● **What you have to do**: Everything in the listing below needs restating exactly, apart from the pictures.

● **Available data**:
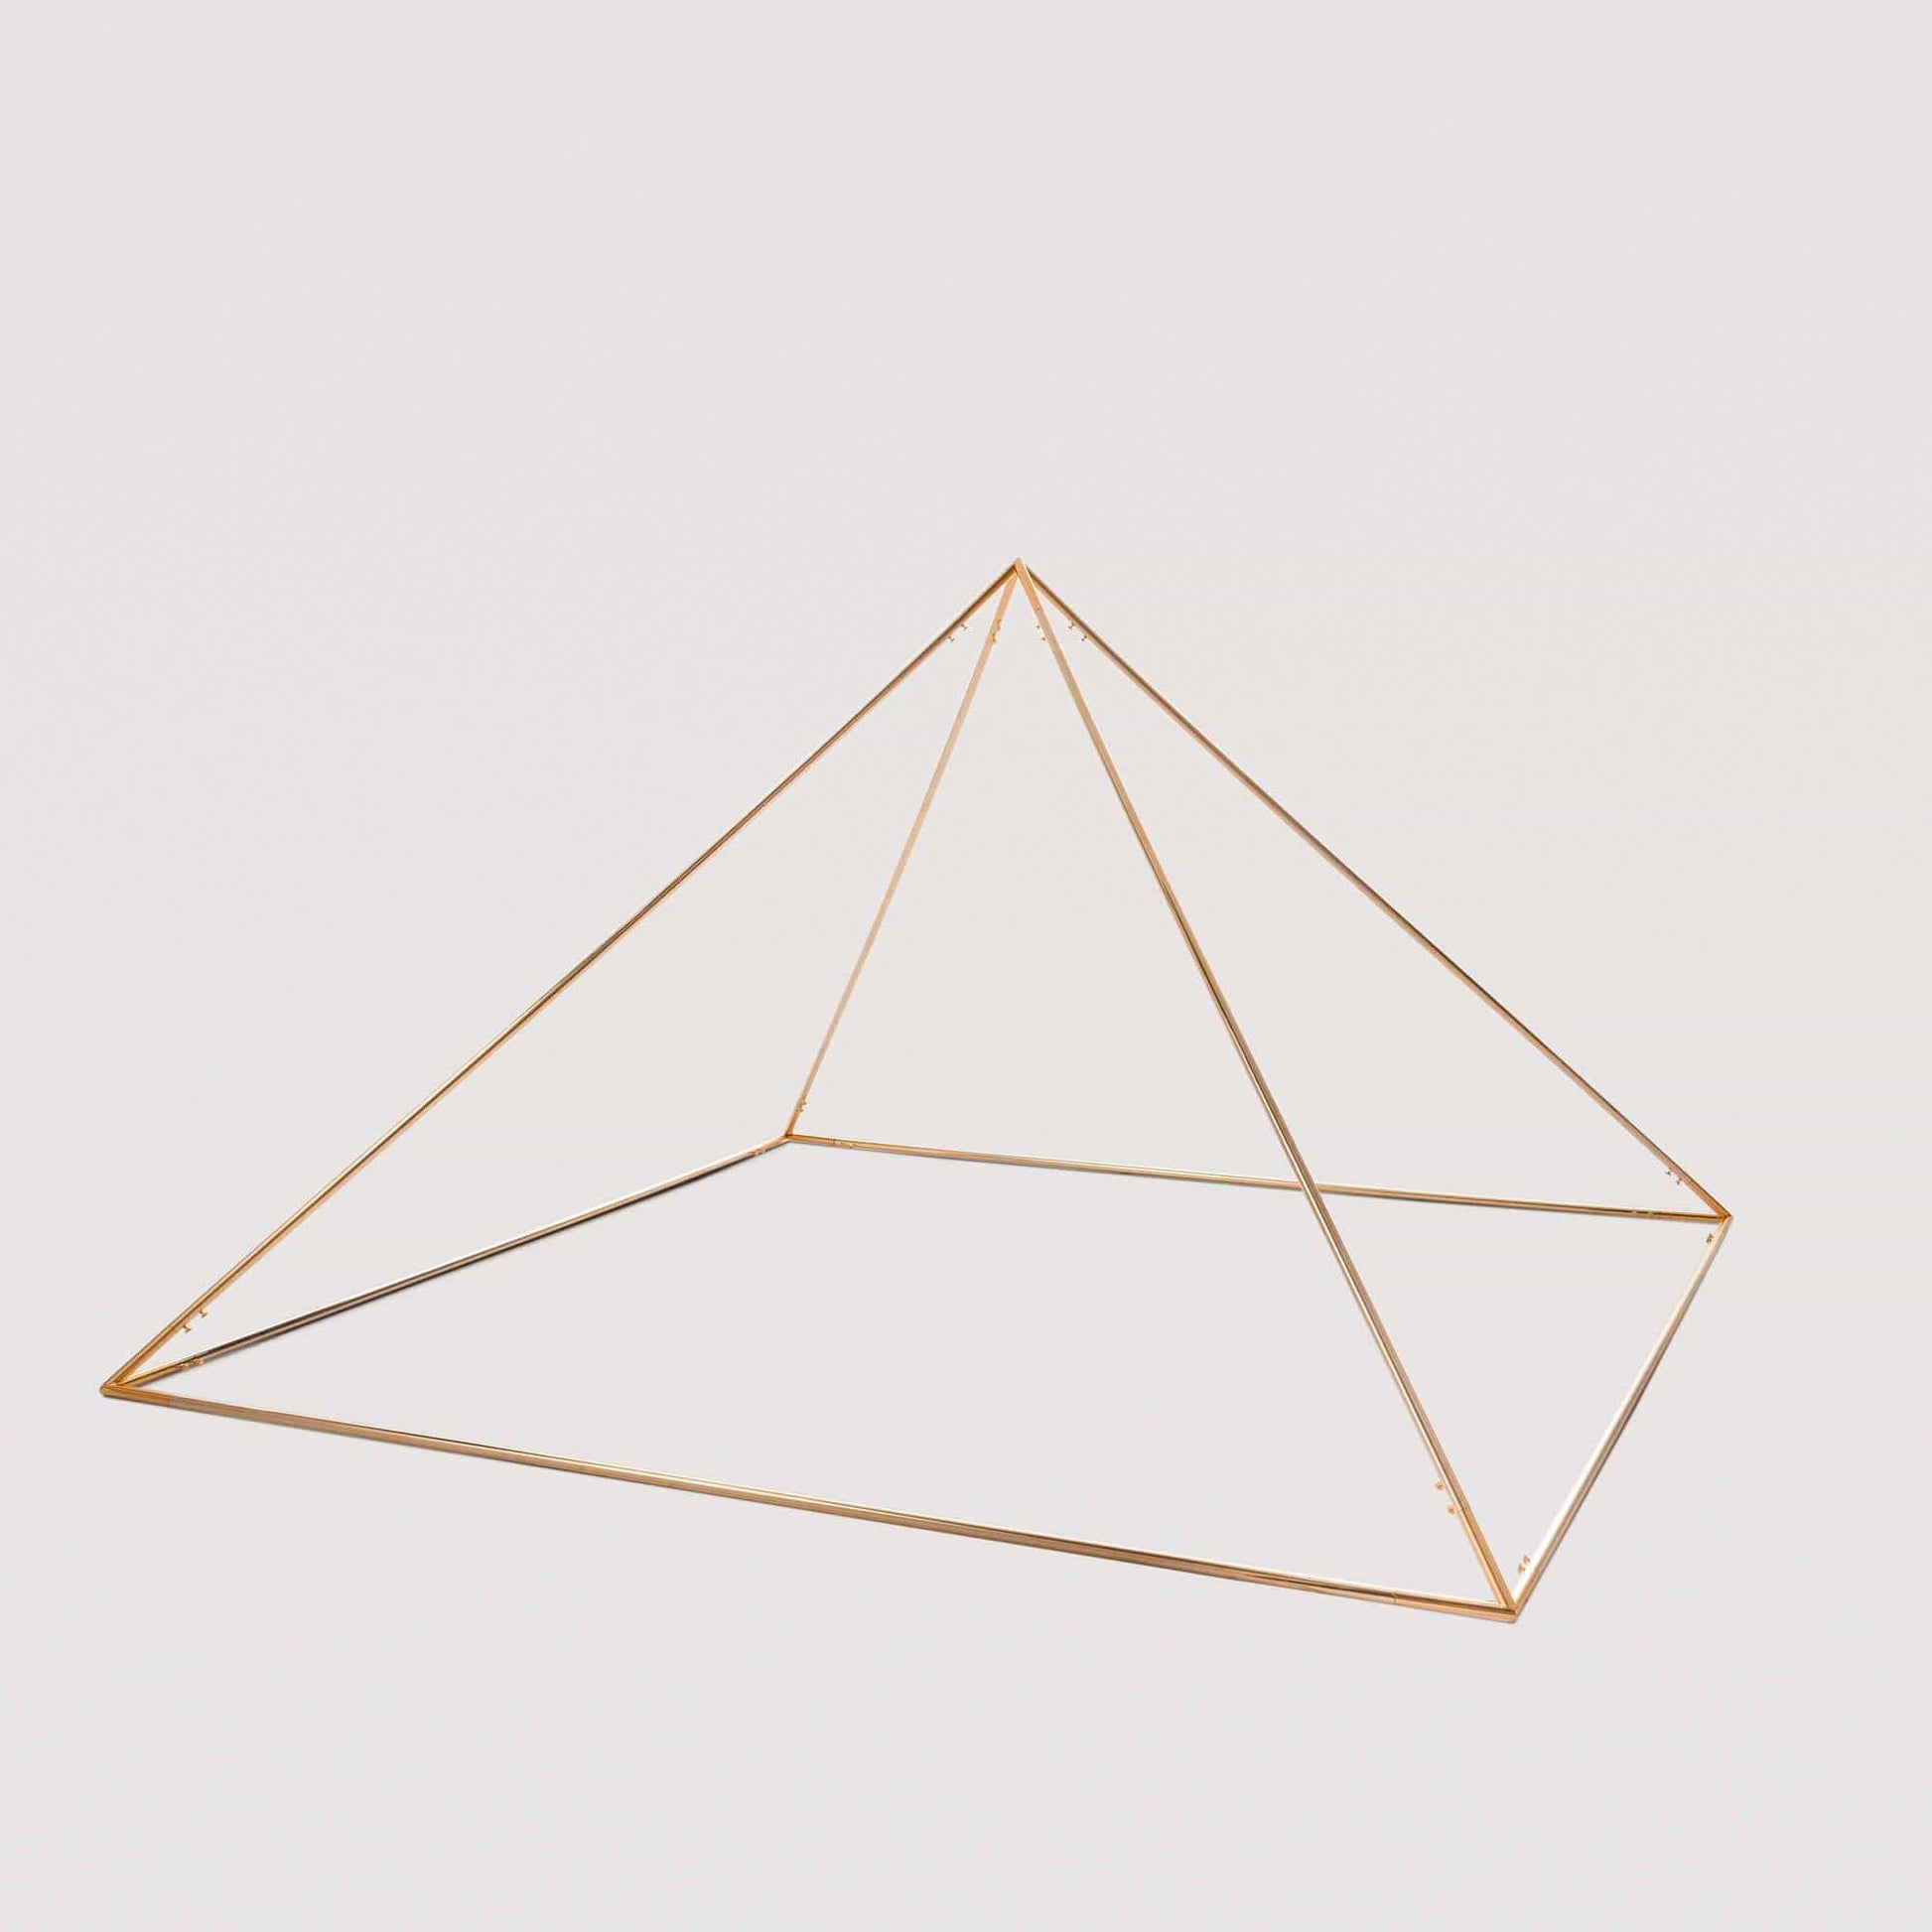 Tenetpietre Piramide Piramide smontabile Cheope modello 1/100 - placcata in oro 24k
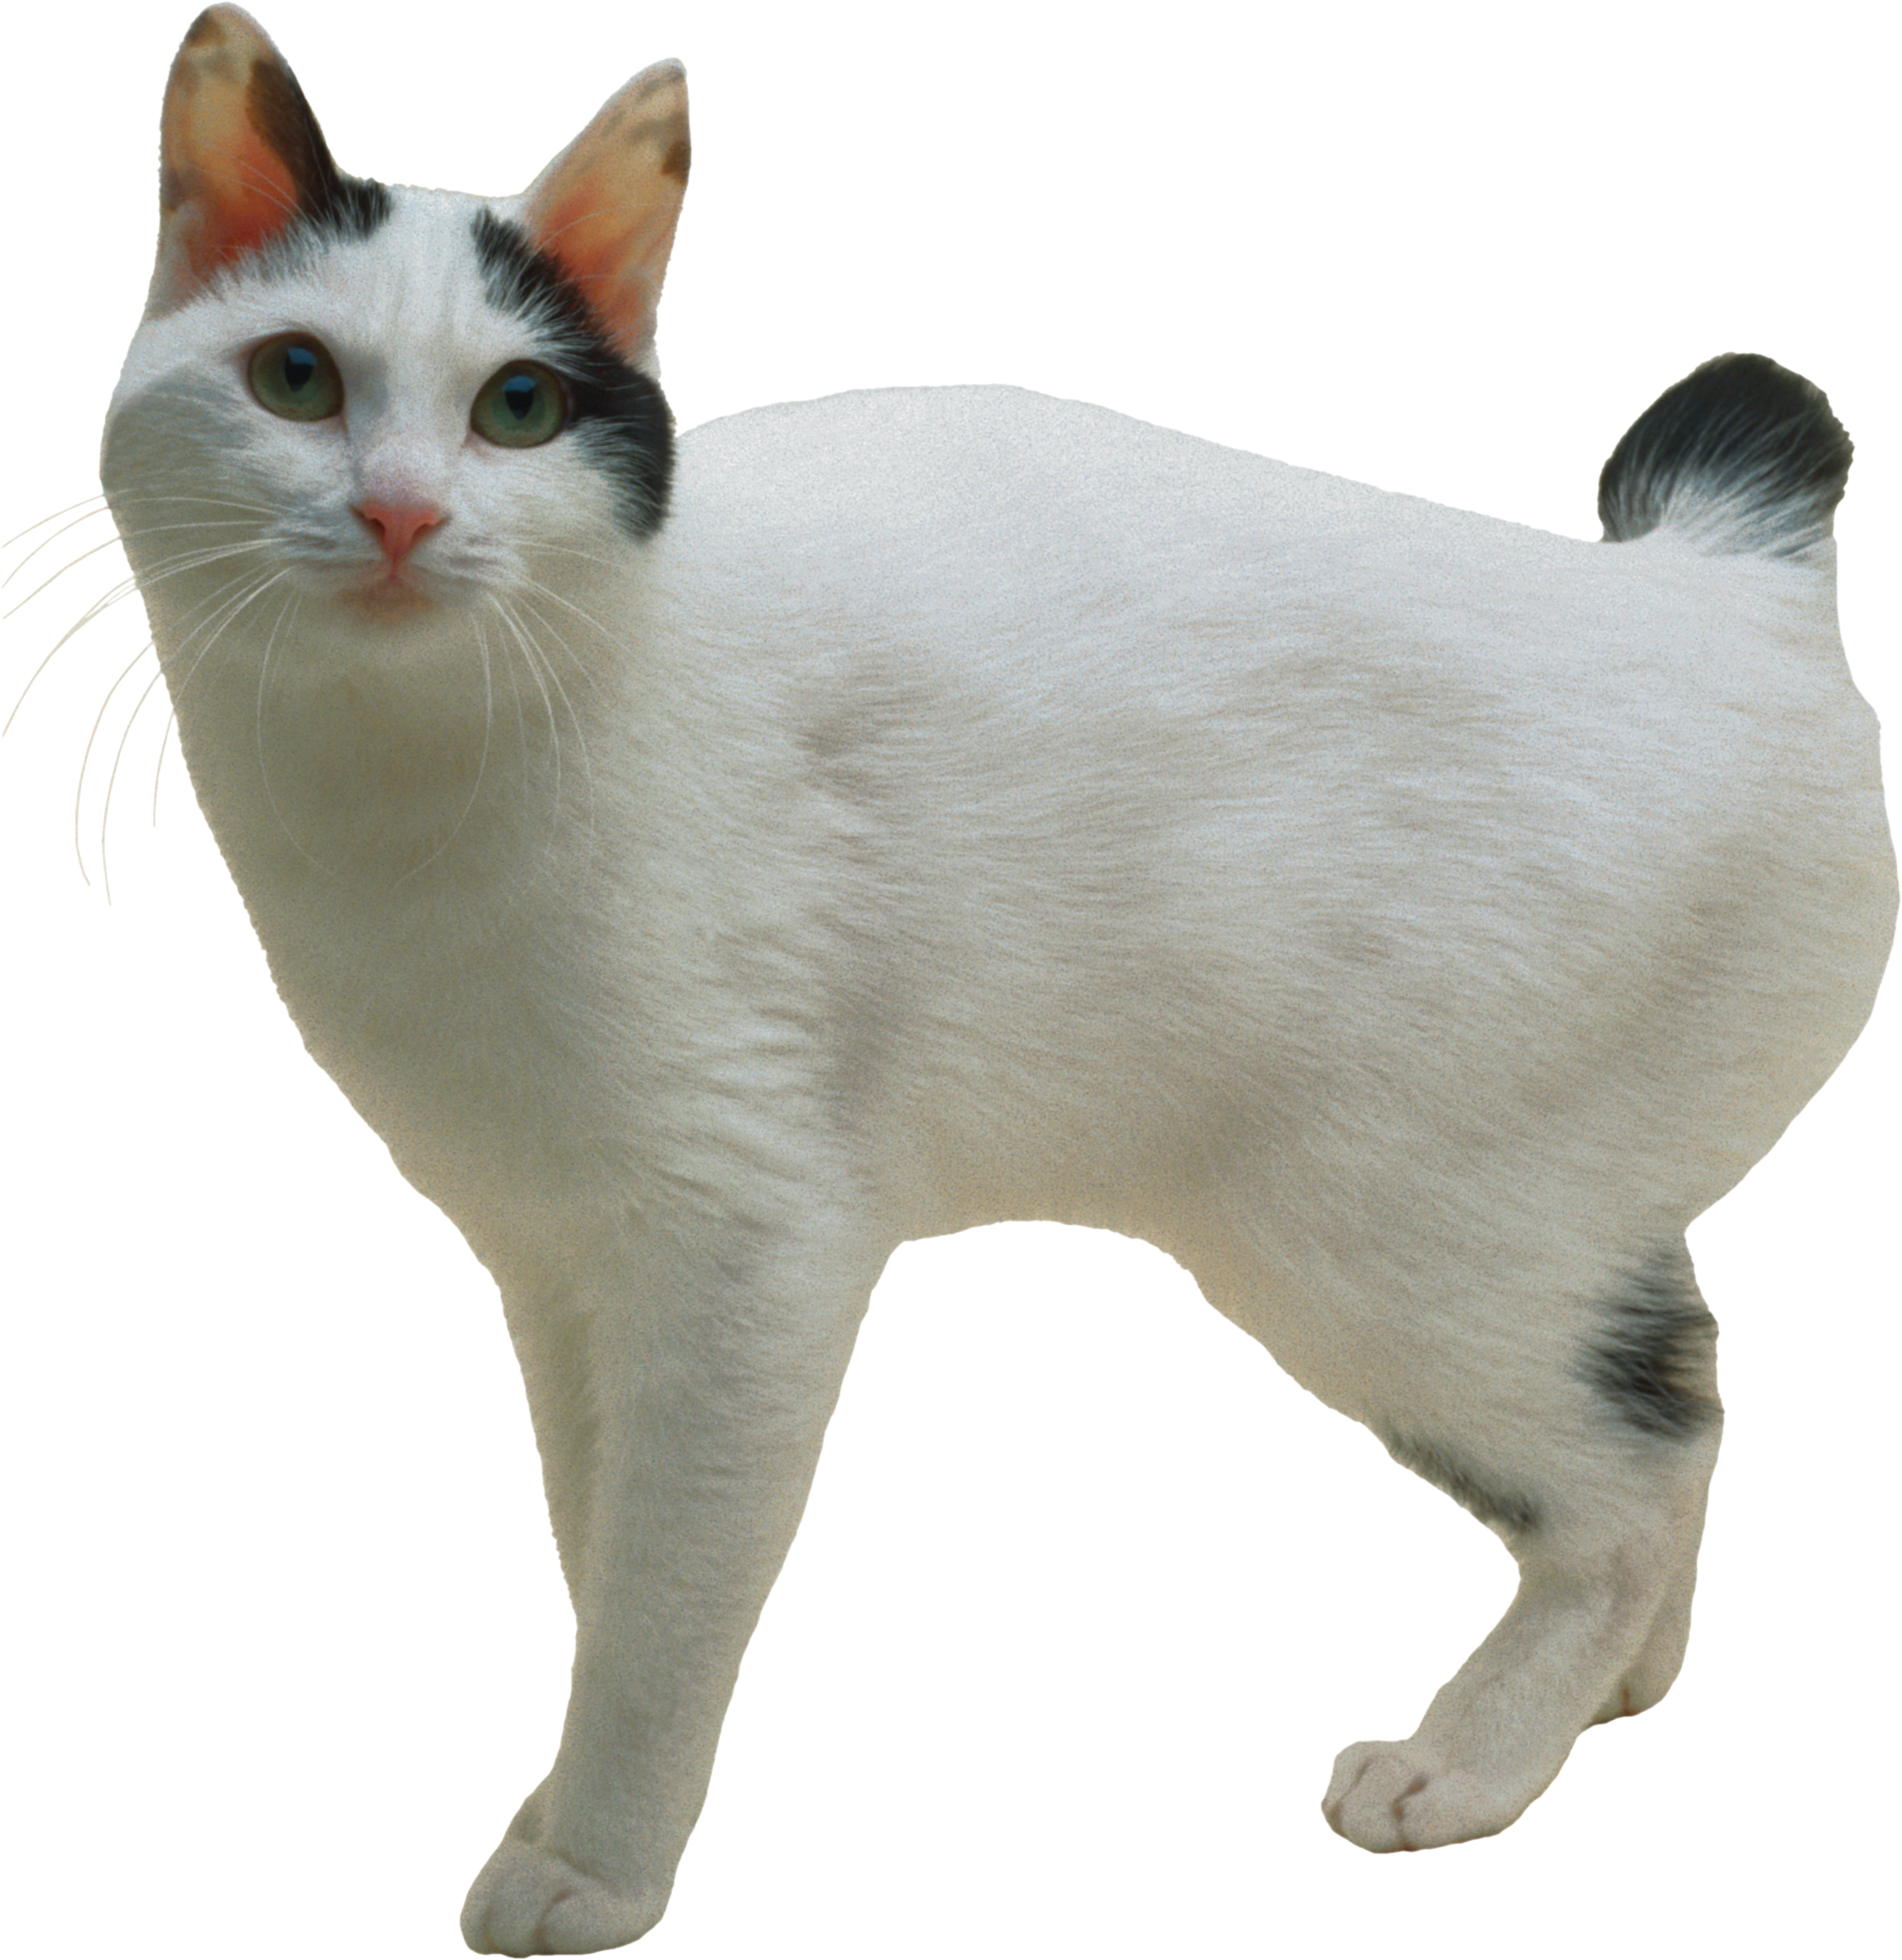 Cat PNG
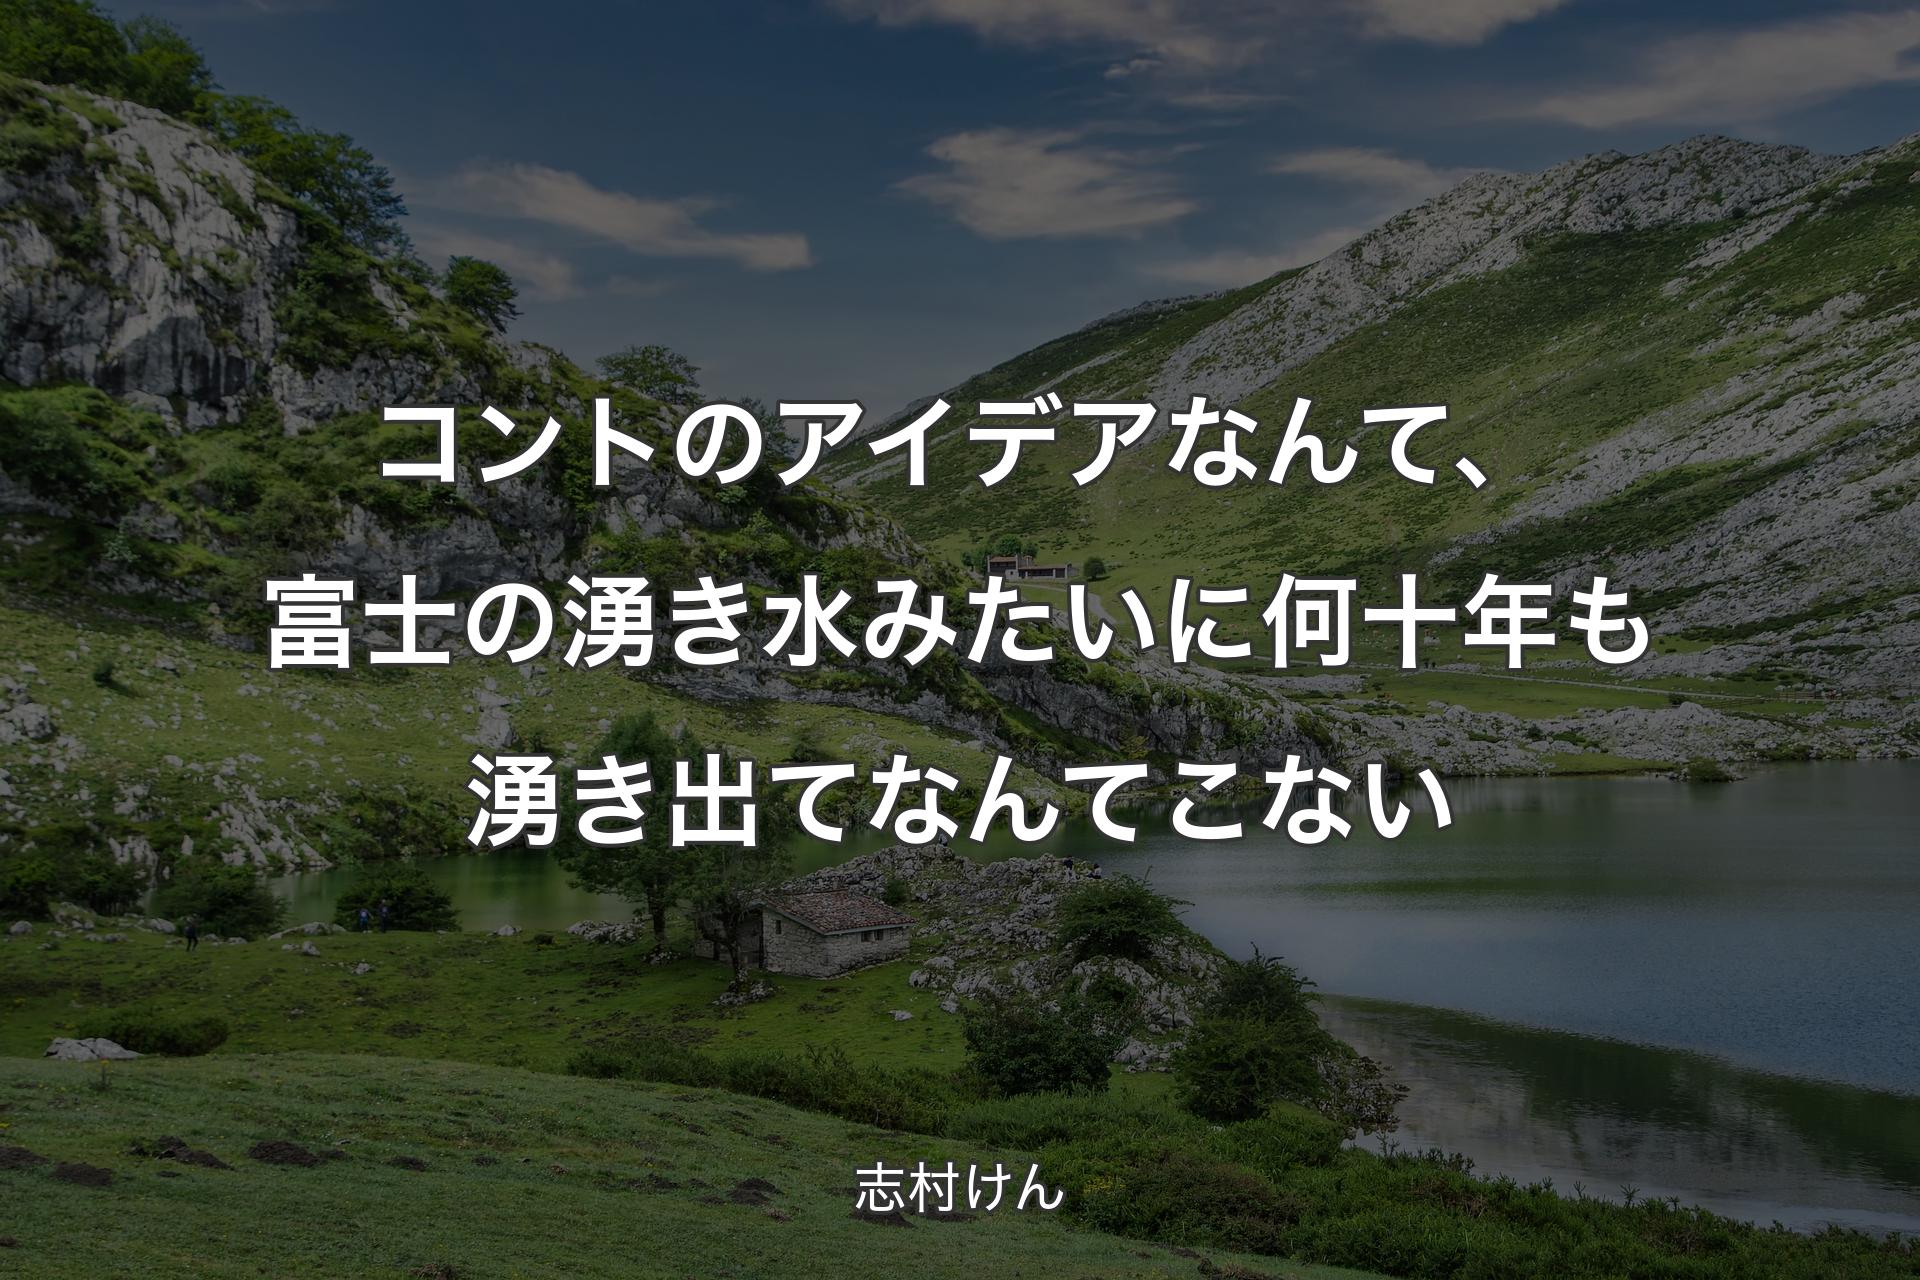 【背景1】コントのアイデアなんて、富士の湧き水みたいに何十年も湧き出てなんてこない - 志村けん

● **Solution to the exercise**:
 Tenetpietre Piramide Piramide smontabile Cheope modello 1/100 - placcata in oro 24k
 Cat PNG
 【背景1】コントのアイデアなんて、富士の湧き水みたいに何十年も湧き出てなんてこない - 志村けん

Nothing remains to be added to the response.